A solid morning routine for acne-prone skin: gentle cleanser, non-comedogenic moisturizer, non-comedogenic sunscreen. In the evening: cleanser to remove oil and sunscreen, one active treatment (retinoid, benzoyl peroxide, or salicylic acid), then moisturizer. The key word is “one.” Layering multiple actives at once causes irritation without improving results. If you wear makeup, mineral-based or non-comedogenic formulas are less likely to cause breakouts.

Treating Dark Spots After Acne Clears

Even after a pimple heals, it can leave a dark or reddish mark called post-inflammatory hyperpigmentation. This isn’t scarring. It’s excess pigment deposited during the healing process, and it fades on its own over months, but several ingredients speed that up considerably.

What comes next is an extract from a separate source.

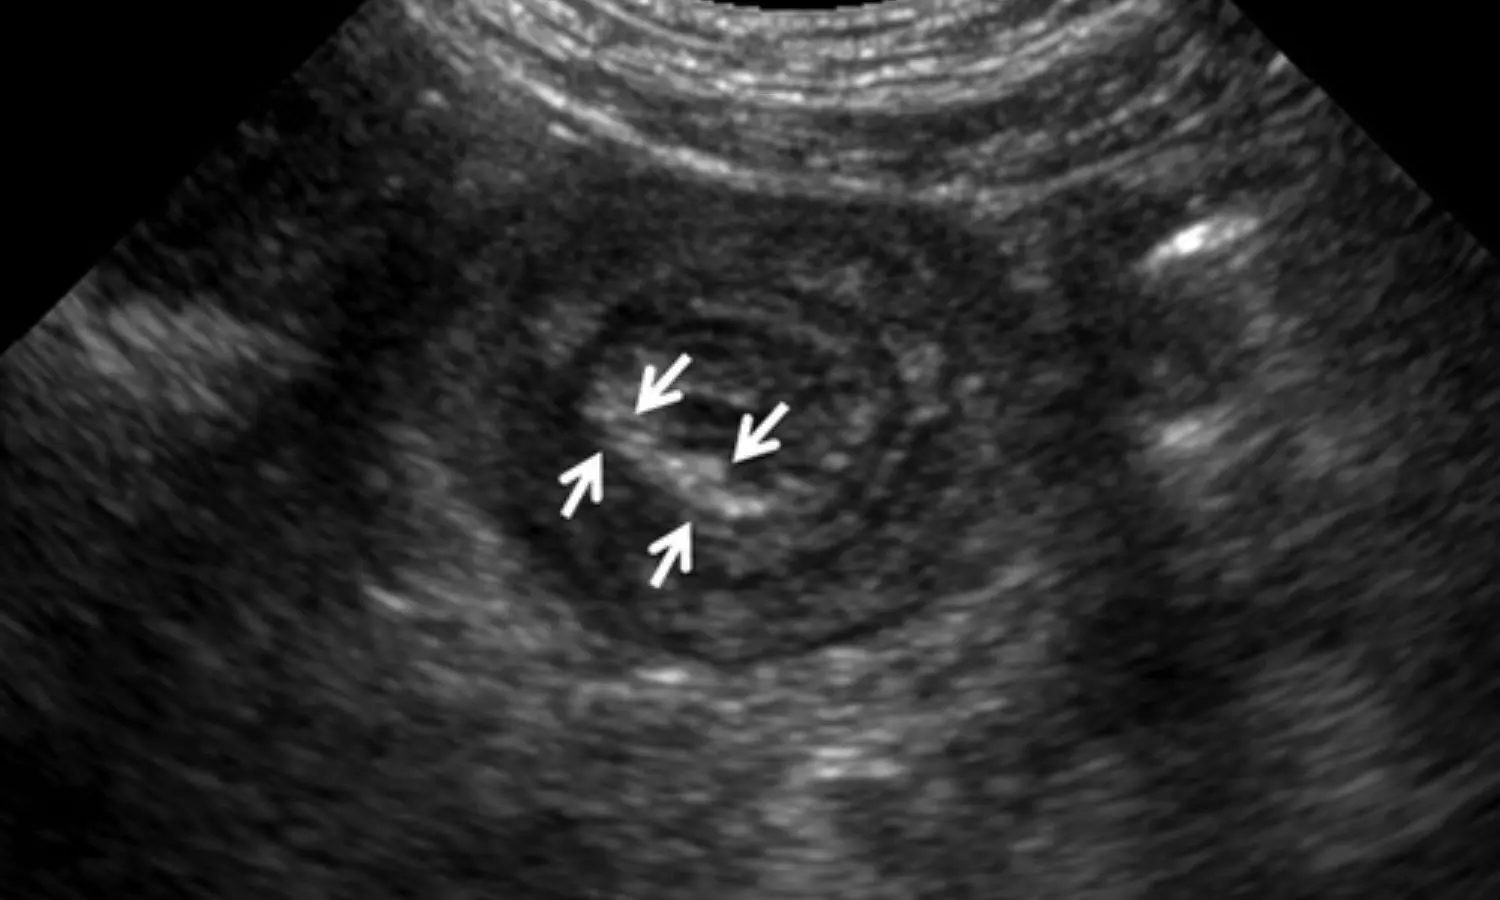 POCUS helpful for differentiating intussusception in pediatric patients: Study

Vitamin C (L-ascorbic acid) works by interfering with the enzyme that produces pigment, lightening dark spots over time. Niacinamide takes a different approach: it blocks the transfer of pigment to skin cells, gradually evening out skin tone without irritation. Azelaic acid is a standout because it treats active acne and fades dark marks simultaneously by inhibiting the same pigment-producing enzyme. Other effective options include kojic acid, arbutin, and licorice extract. Any of these can be layered into your existing routine, applied directly to dark spots after cleansing and before moisturizing.